Rachael laughed. “We weren’t worried. One of us would have tackled you before you got out the door. Was everything satisfactory?”
“I’ll remember that about the tacklin’,” he joked. “Maybe I’ll try it next time. And the meal, I wouldn’t say it was satisfactory.” He waited for her to raise her eyebrows in surprise, then said, “I would say it was excellent.”
“Thank you, sir,” she said with a sweet smile. “Don’t be a stranger.”
“I can promise you that,” he said and took his leave.
“What was all that?” Bess asked Rachael when she returned to the kitchen door.
“What was all what?” Rachael replied.
“All that little chitty-chat at the gun table,” Bess said. “I declare, I thought I saw you make a little curtsy there. You ain’t gettin’ no ideas about that slick talker, are you? And you with two young daughters.”
“Bess Curry! Bite your tongue! I just think it’s a nice change to see pleasant, polite customers come into the dining room.” She pretended to be offended. “Chitty-chat, I don’t even know what that means.”

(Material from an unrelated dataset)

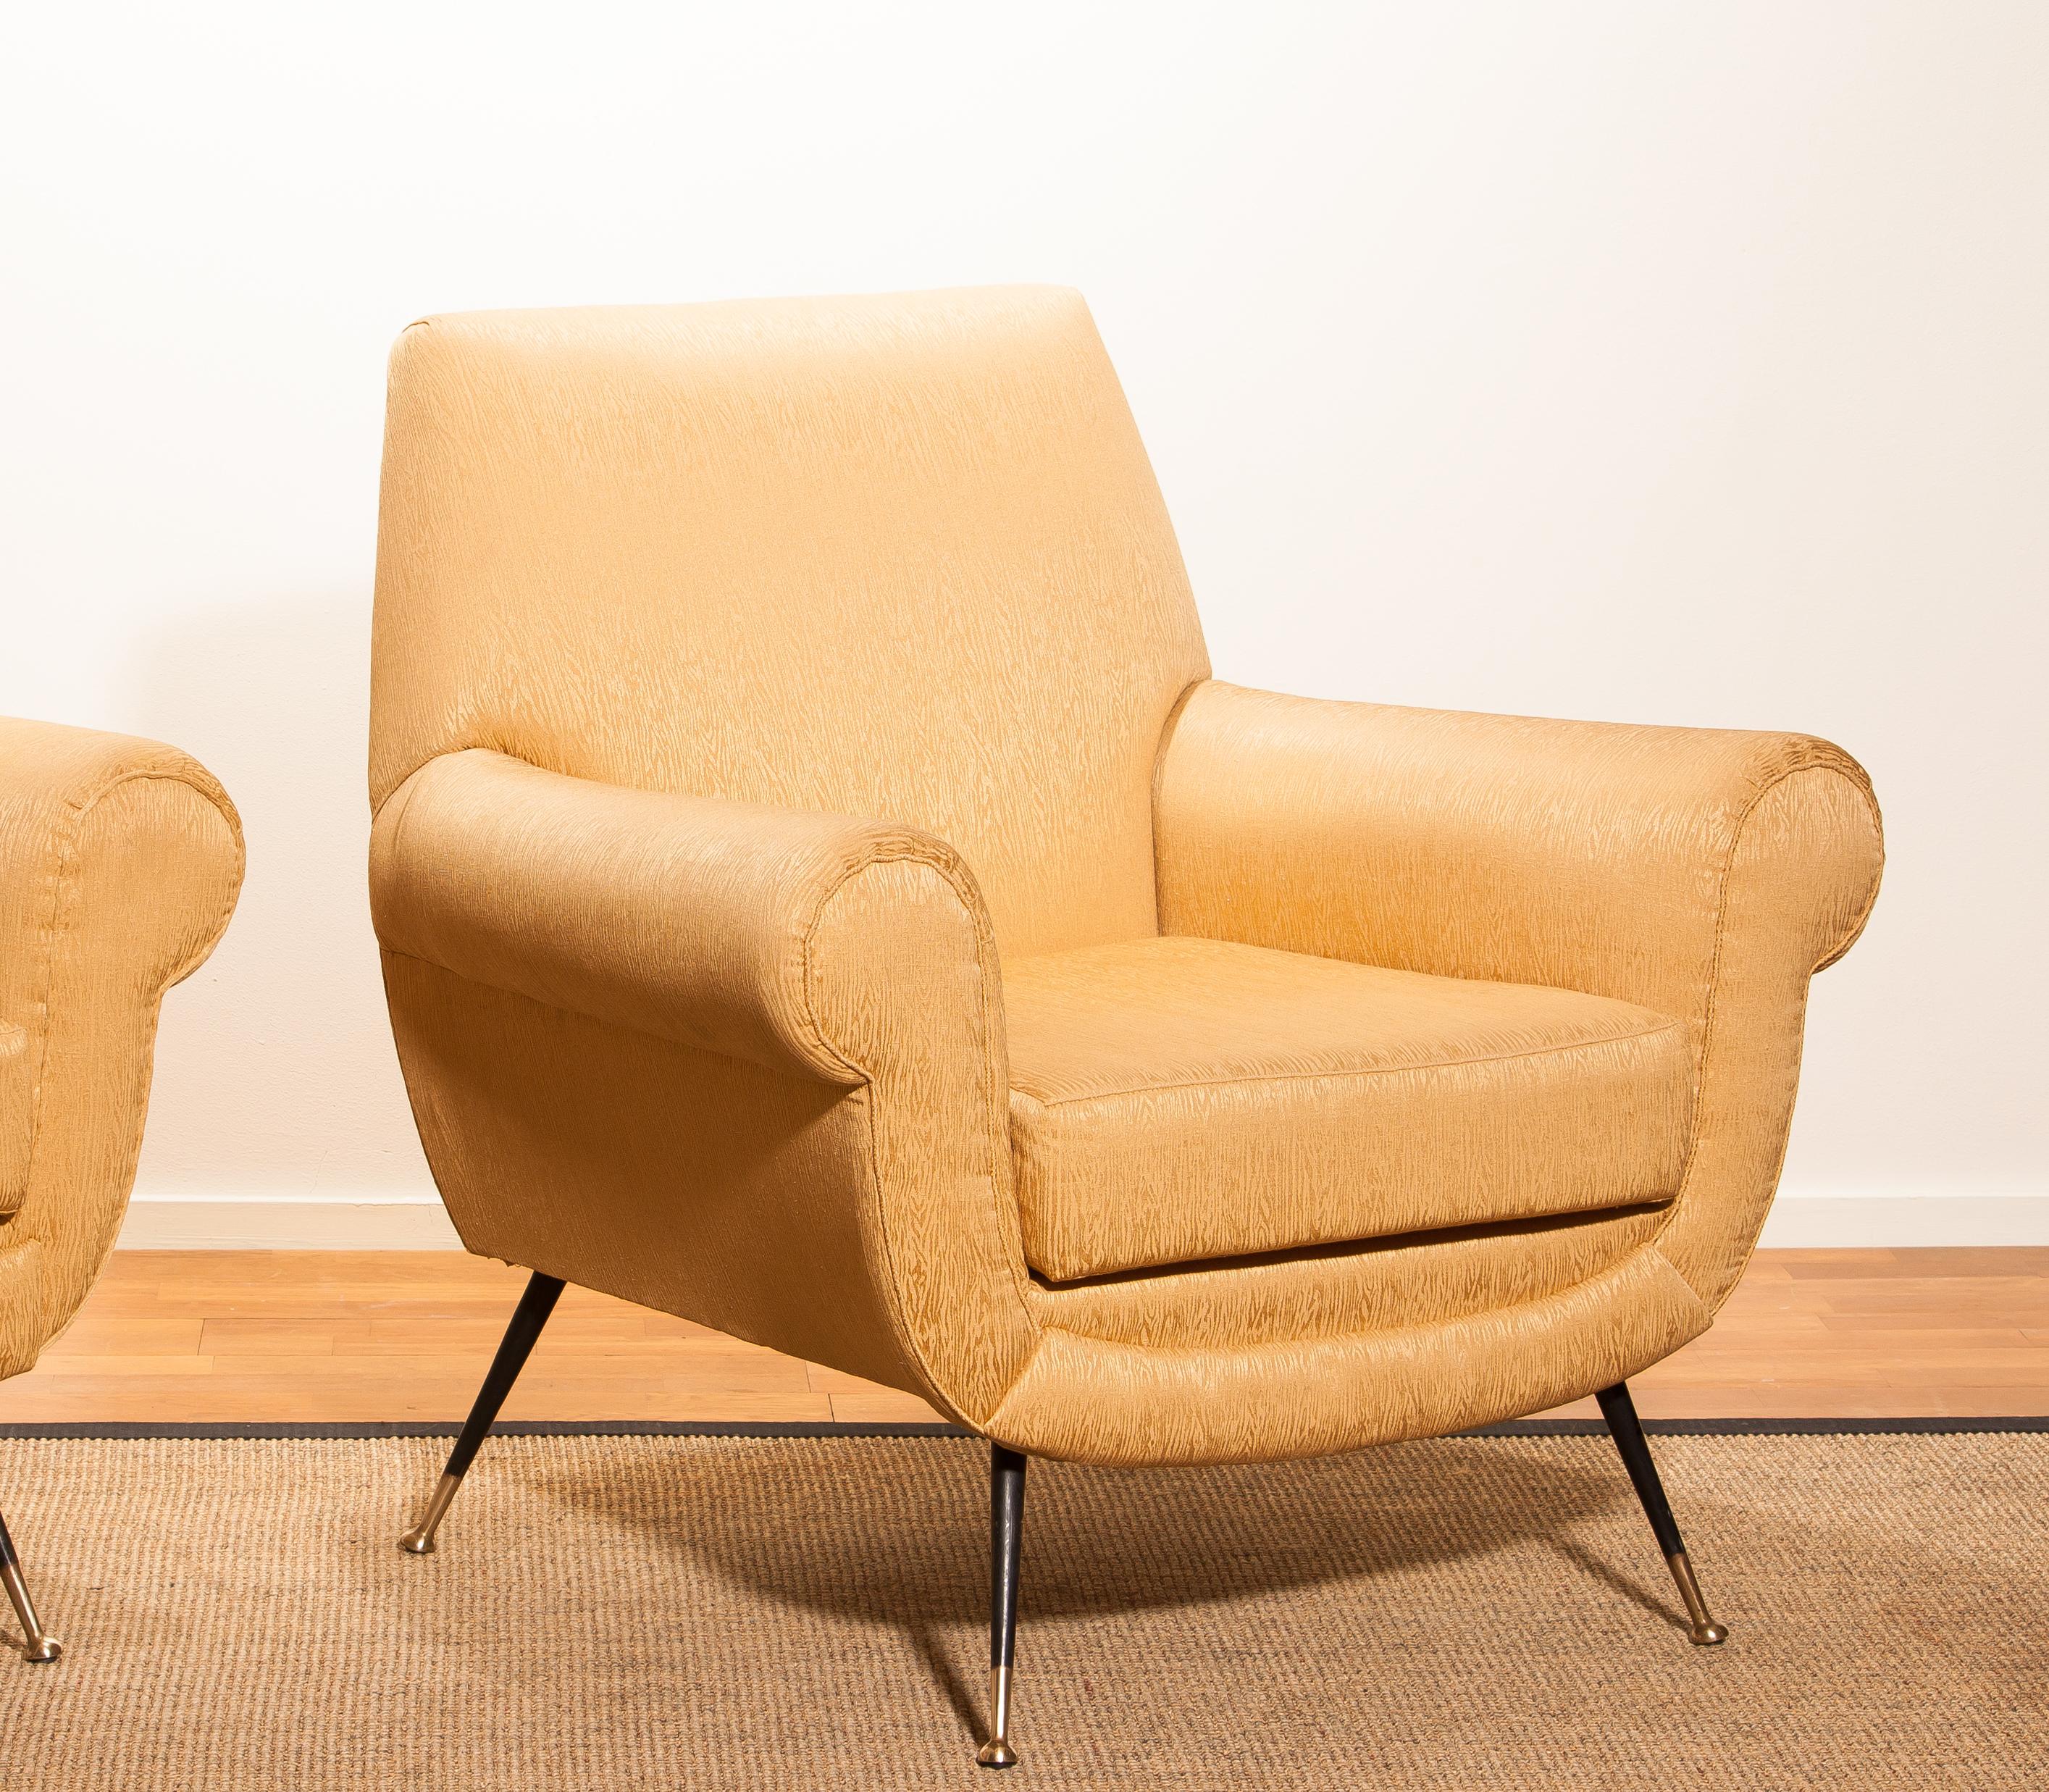 Golden Jacquard Upholstered Easy Chairs by Gigi Radice for Minotti, Brass Legs 6

Outside, Drew Dawson climbed aboard the big white horse and led his packhorses a short distance down the street to Wheeler’s General Merchandise, curious to see the mayor of Bison Gap in his natural habitat, behind the counter of a general store. Ralph was in the store and so was his wife, Cora, so Drew cranked up his charm once again. By the time he was finished, he felt he had impressed them both to his satisfaction. As he started down the street toward the creek, he found himself thinking how disappointed he was to find that Ned had not controlled his men to maintain better relations with the town. Drew believed one could milk a town while still on friendly terms. Near the middle of town, he admired the new bank building. First Bank of Texas, he read to himself as he slow-walked his horses by. “That’s where they keep the goin’-away present, Snowball,” he murmured to the gelding. “If we ever find we need to leave Bison Gap in a hurry, we can always stop there for a little spendin’ money.” Yep, he thought, this town has a lot to offer. I only wish I had gotten here sooner, before Ned established himself with the sheriff. It could have been handled much better. There was still time to salvage most of it, he decided. But for the time being, he reminded himself that he was the only member of the gang who could go back and forth to town.